Nephthys's early association with the kite or the Egyptian hawk (and its piercing, mournful cries) evidently reminded the ancients of the lamentations usually offered for the dead by wailing women. In this capacity, it is easy to see how Nephthys could be associated with death and putrefaction in the Pyramid Texts.

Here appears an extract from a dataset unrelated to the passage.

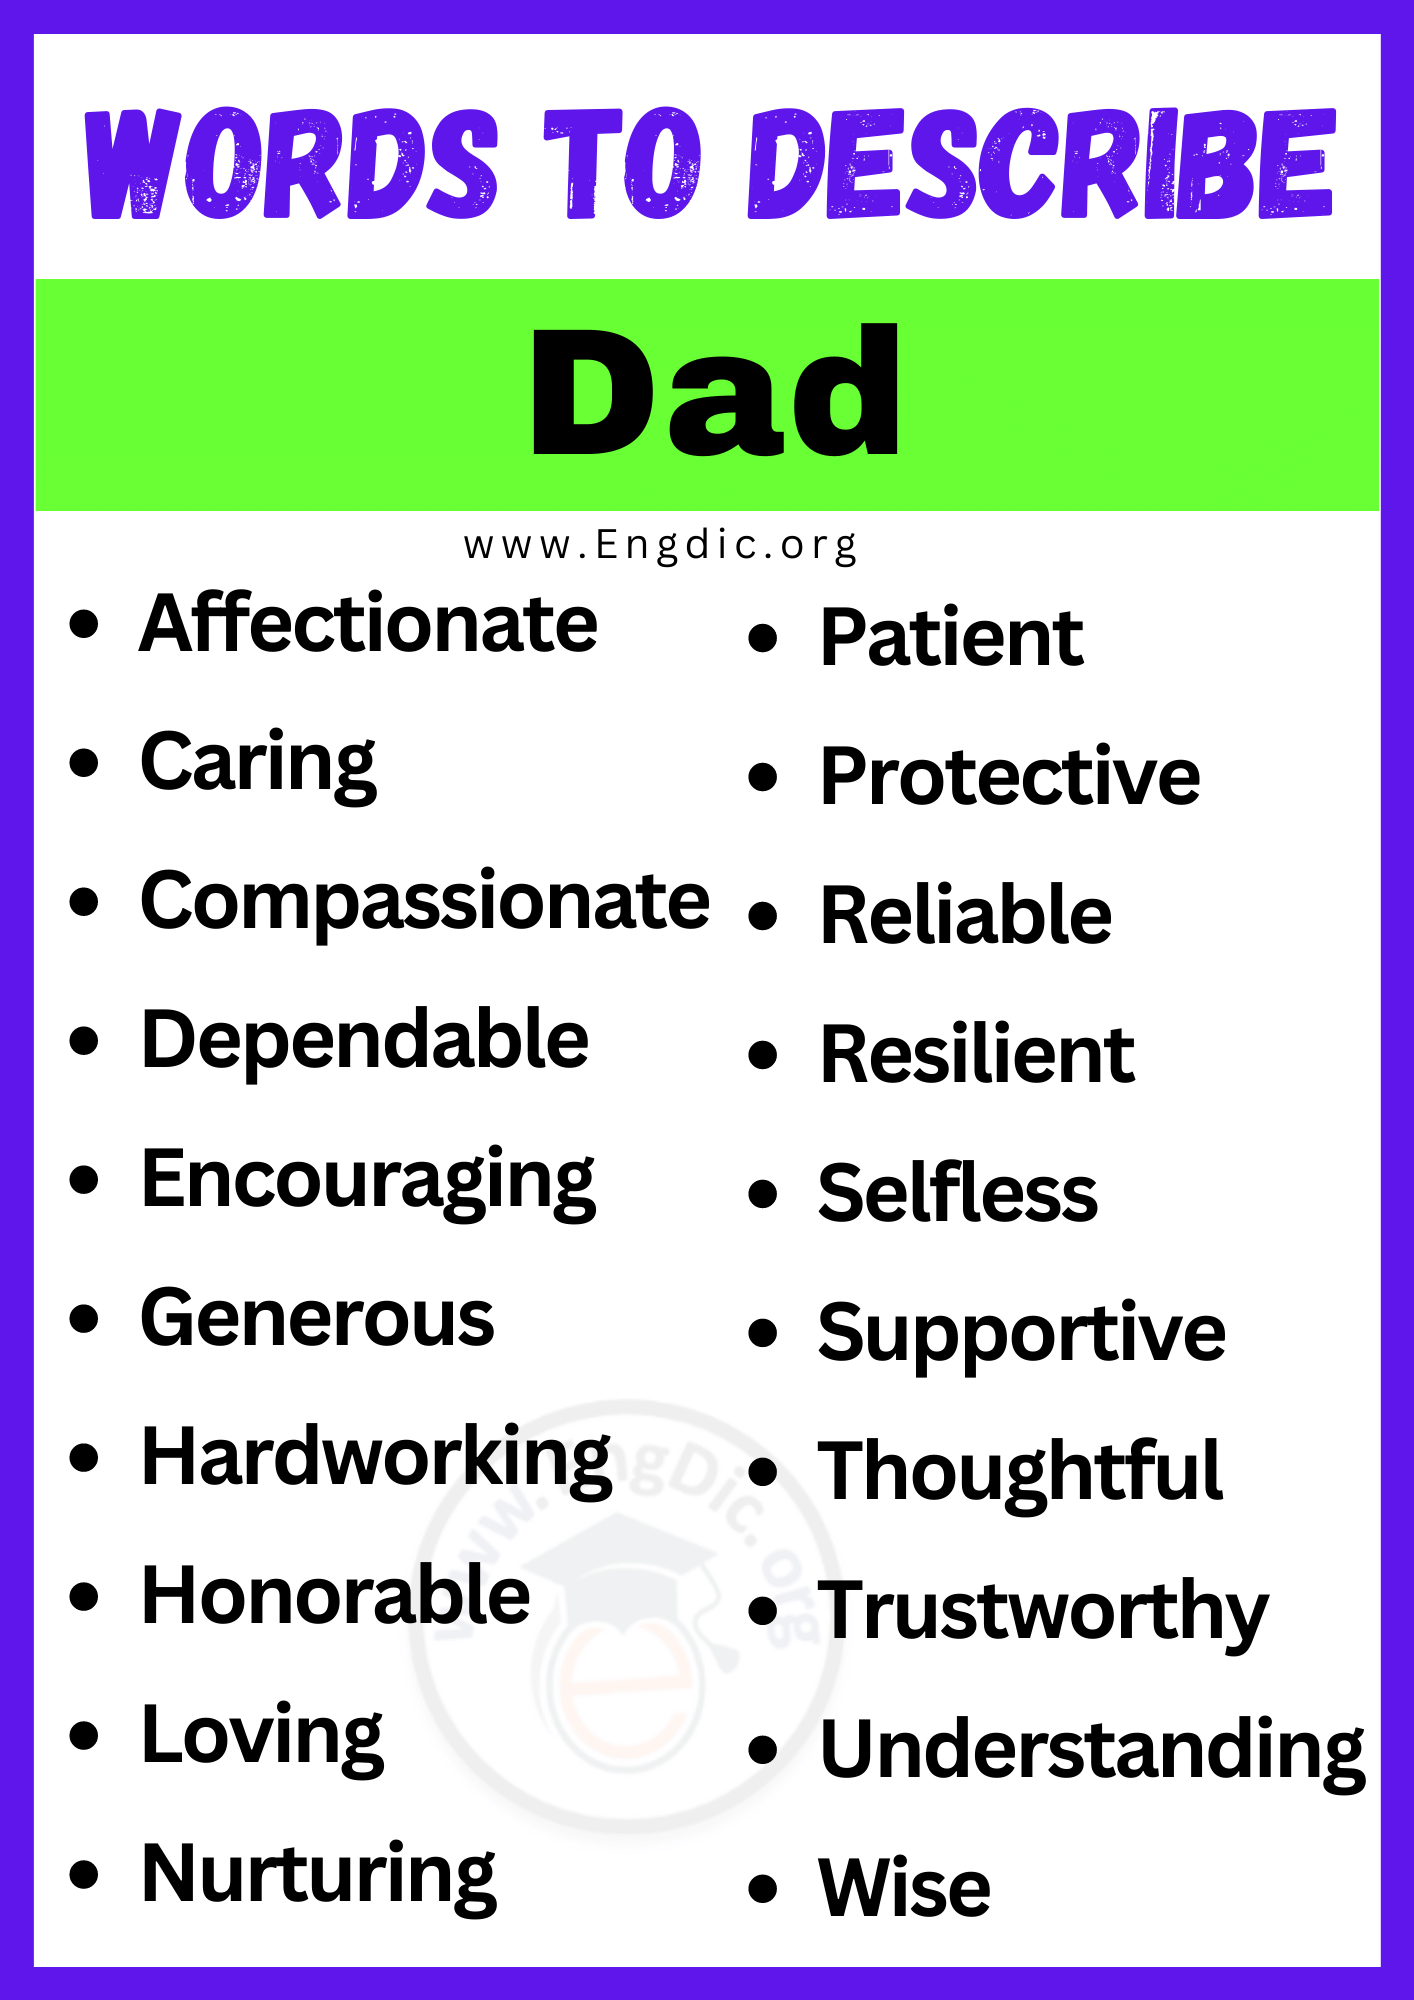 Words to Describe Dad

Even so, in the Pyramid Texts, Nephthys possesses attributes of an ominous nature that make of her personality something occasionally unique, in comparison to Isis. Indeed, the hair of Nephthys is compared, in one curious passage, to the strips of linen that enshroud the deceased Pharaoh's mummy. These "tresses," however, are not considered to be bonds. On the contrary, they appear as life-giving and temporary impediments from which the Pharaoh is encouraged to "break free" and ascend to the afterlife. It is no great leap (in terms of symbolism) to see that the "tresses of Nephthys" here assume a role very much akin to the chrysalis-shell that simultaneously immobilizes and yet protectively transforms the caterpillar before it bursts forth into new life. To be certain, there is absolutely no overt comparison, in the Pyramid Texts, between this function of Nephthys and the chrysalis, but the symbolism is one that may merit further exploration of Nephthys's unique domain, since the aforementioned passage is one of only eight (in the Pyramid Texts) wherein this goddess appears independent of her complementary power, Isis.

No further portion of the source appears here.